Originally published in: "Neural Network Prediction of Translation Initiation Sites in Eukaryotes: Perspectives for EST and Genome Analysis". Proceedings of 5th International Conference on Intelligent Systems for Molecular Biology, 226-233, 1997.
# Instances: 13375
# Attributes: 927
# Classes: 2 (positive v.s. negative)
Raw Data Source:
Annotated vertebrates sequences
Extracted Samples:
Positive samples,
negative samples
ARFF-Formatted:
In-frame 3-grams
Description: The original data consists of a selected set of vertebrates genomic sequences extracted from GenBank. It is used to find the Translation Initiation Site (TIS), at which the translation from mRNA to proteins initiates. Since only those sequences with an annotated TIS are included in the data set, a classification model can be built to distinguish true (positive) TIS and false (negative) TIS. As the data set is processed DNA, the TIS site is ATG. In total, there are 3312 sequences (i.e. 3312 true ATGs).
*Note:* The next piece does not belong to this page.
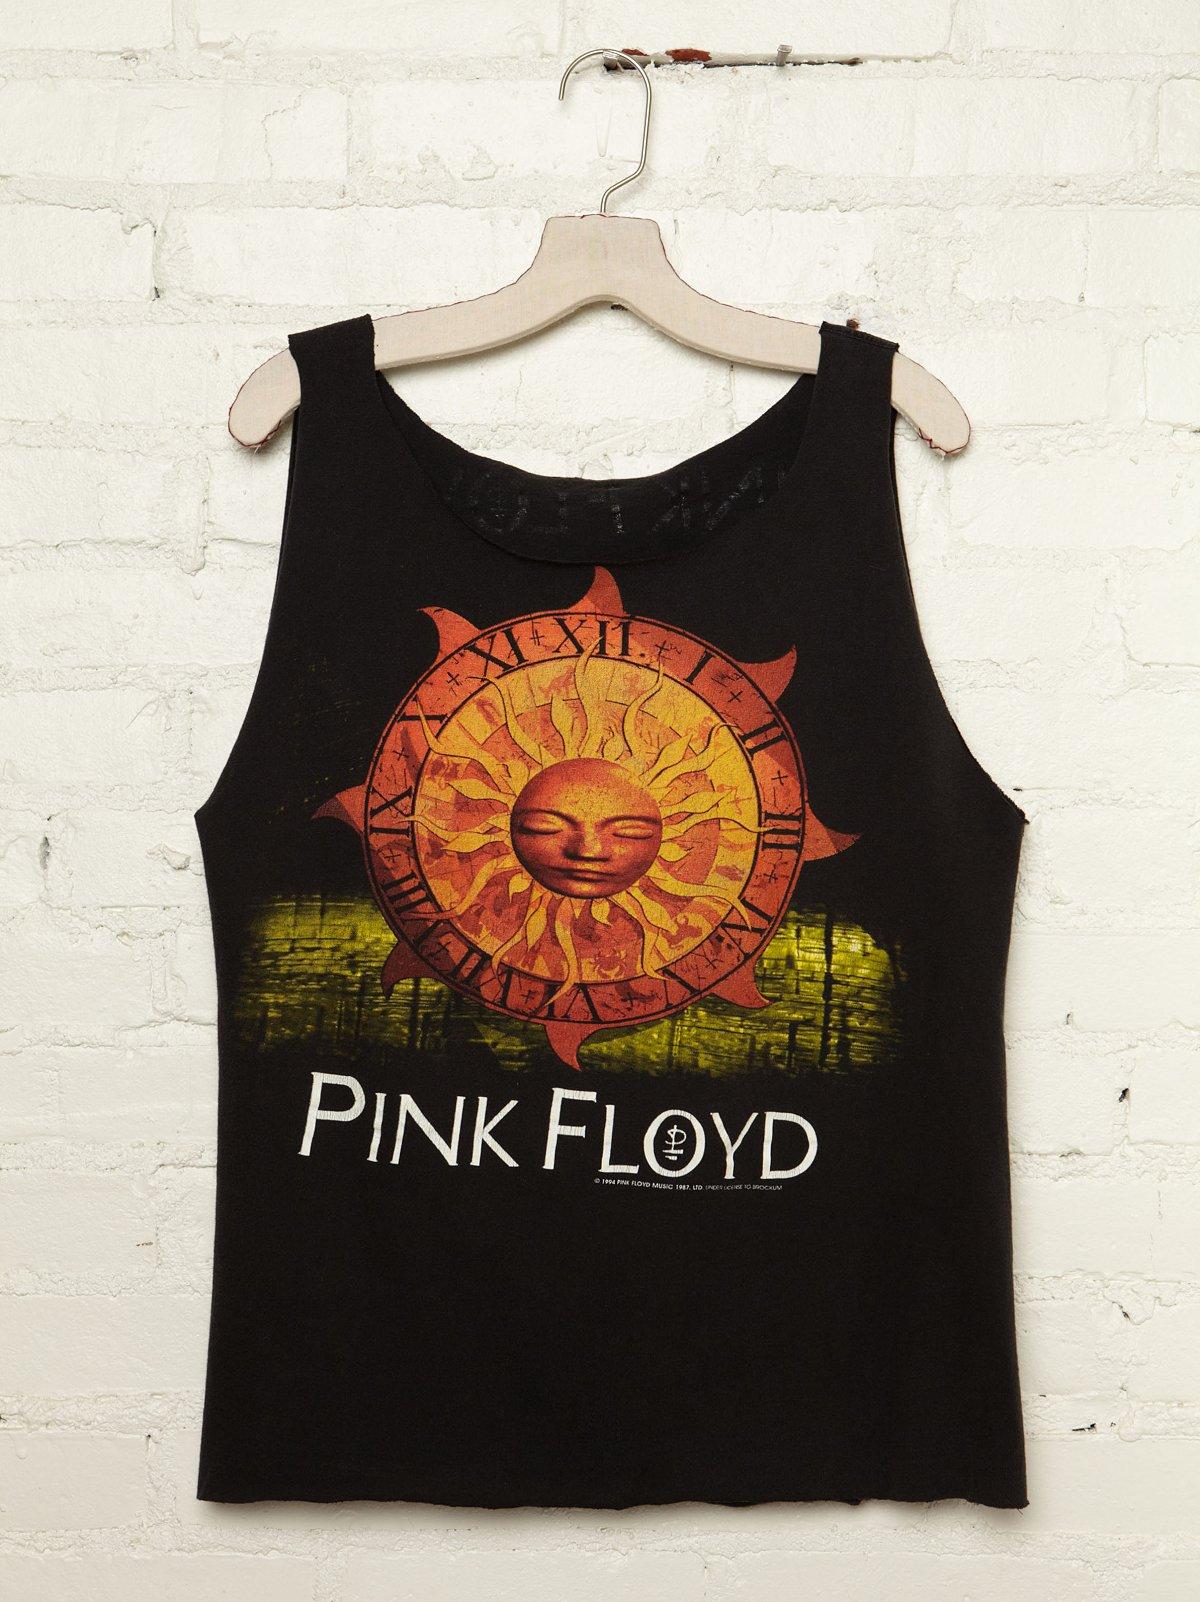 Vintage Pink Floyd 1994 Tour Tank
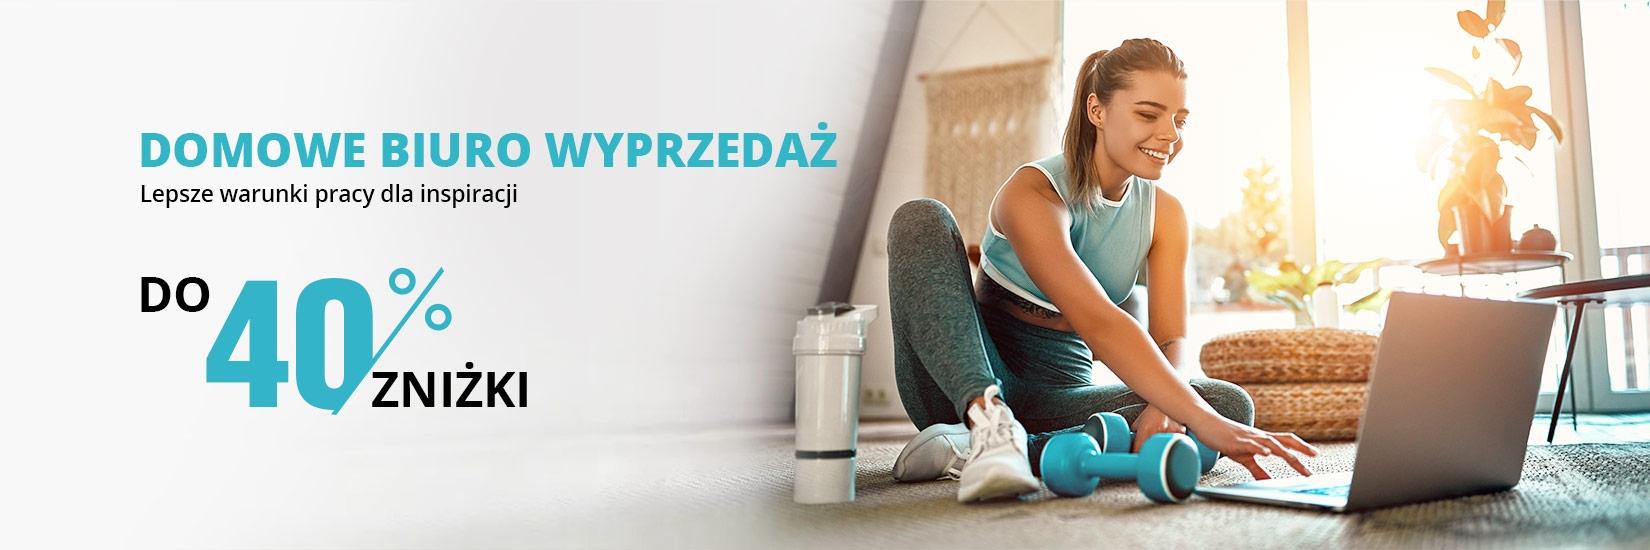 Domowe Biuro Wyprzedaż - Geekbuying.pl

There are various ways to extract sequences and build feature space. Here, we provide one approach: a window centered at each ATG, with both upstream and downstream are 99 bases long, is generated from each ATG. So there are 201 bases indicated by A, T, C and G in each window. If the portion of sequence is shorter than the window end, those bases are denoted by "N". With this strategy, we got 3312 true ATGs, 10191 false ATGs. For classification, a feature vector is generated for each such ATG segment using up-stream in-frame 3-grams and down-stream in-frame 3-grams.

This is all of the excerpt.